8. No Obligation to Maintain Relationship. The Participant acknowledges that: (i) the Company is not obligated by the Plan or this Restricted Stock Unit Award to continue the Participant as an Employee, Non-Employee Director, consultant or advisor of the Company or an Affiliate; (ii) the Plan is discretionary in nature and may be modified, suspended or terminated by the Company at any time; (iii) the grant of this Restricted Stock Unit Award is a one-time benefit that does not create any contractual or other right to receive future grants of equity, or benefits in lieu thereof; (iv) all determinations with respect to any such future grants, including, but not limited to, the times when restricted stock unit awards shall be granted, the number of shares subject to each restricted stock unit award, and the time or times when each restricted stock unit award shall vest, will be at the sole discretion of the Company; (v) the Participant’s participation in the Plan is voluntary; (vi) the value of this Restricted Stock Unit Award is an extraordinary item of compensation which is outside the scope of the Participant’s employment or consulting contract, if any; and (vii) this Restricted Stock Unit Award is not part of normal or expected compensation for purposes of calculating any severance, resignation, redundancy, end of service payments, bonuses, long-service awards, pension or retirement benefits or similar payments.

9. Code Section 409A. Pursuant to Section 26 of the Plan, if and to the extent (i) any portion of any payment, compensation or other benefit provided to a Participant pursuant to this Restricted Stock Unit Award in connection with his or her employment termination constitutes “nonqualified deferred compensation” within the meaning of Section 409A of the Code and (ii) the Participant is a specified employee as defined in Section 409A(a)(2)(B)(i) of the Code, in each case as determined by the Company in accordance with its procedures, by which determinations the Participant (through accepting this Restricted Stock Unit Award) agrees that he or she is bound, such portion of the payment, compensation or other benefit shall not be paid before the day that is six months plus one day after the date of “separation from service” (as determined under Section 409A of the Code), except as Section 409A of the Code may then permit.

10. Plan.

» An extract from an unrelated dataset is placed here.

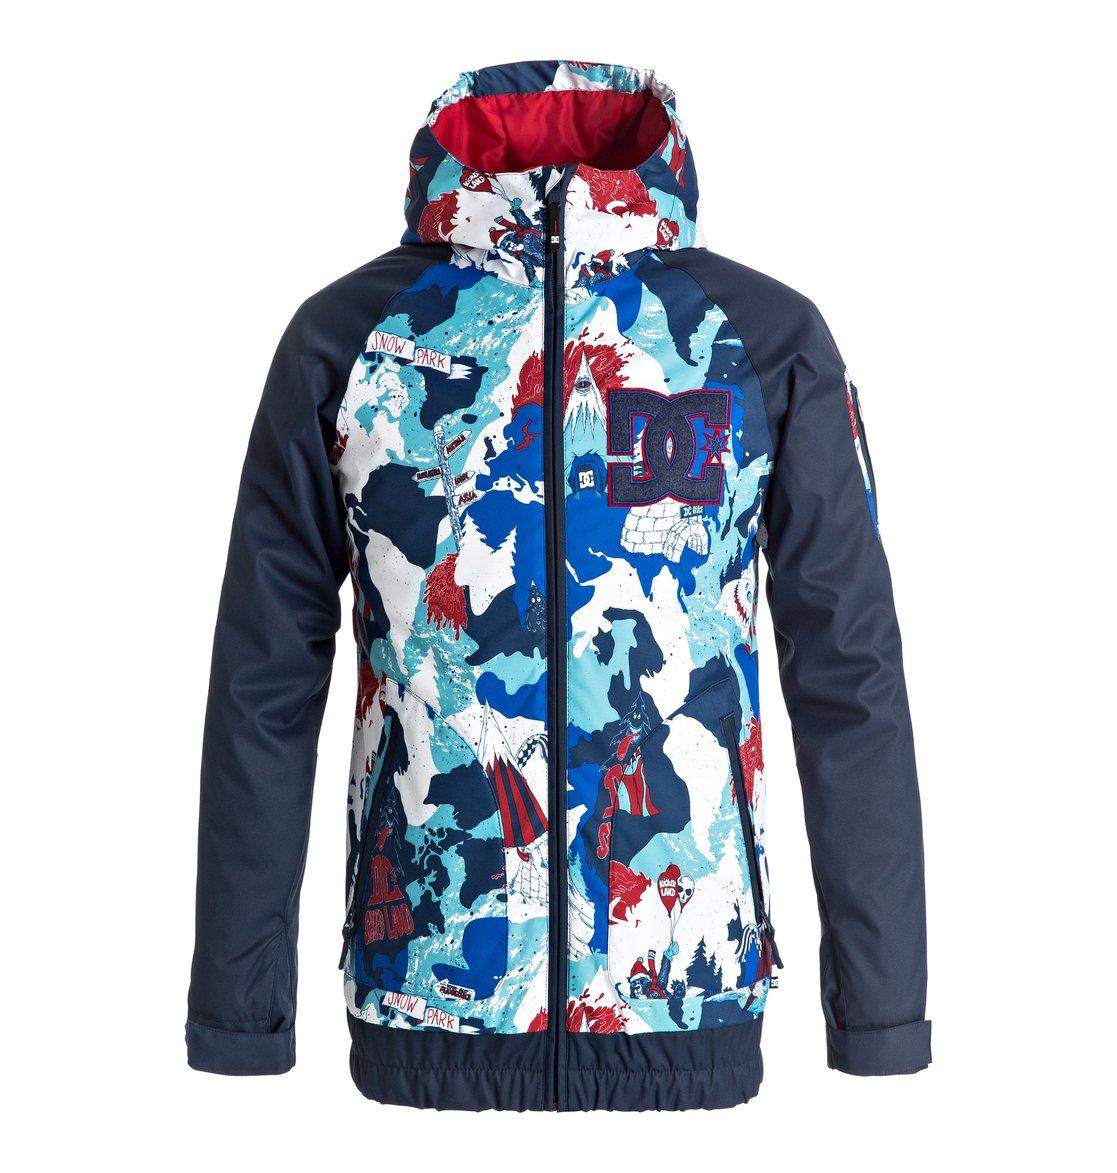 6d8a17995 Boy s 8-16 Troop Snow Jacket EDBTJ03019

The Participant hereby acknowledges receipt of a copy of the Plan as presently in effect and the Prospectus with respect thereto. All of the terms and provisions of the Plan, and any additional terms and conditions provided to Participants located outside of the United States, are incorporated herein by reference, and this Restricted Stock Unit Award is subject to those terms and provisions in all respects.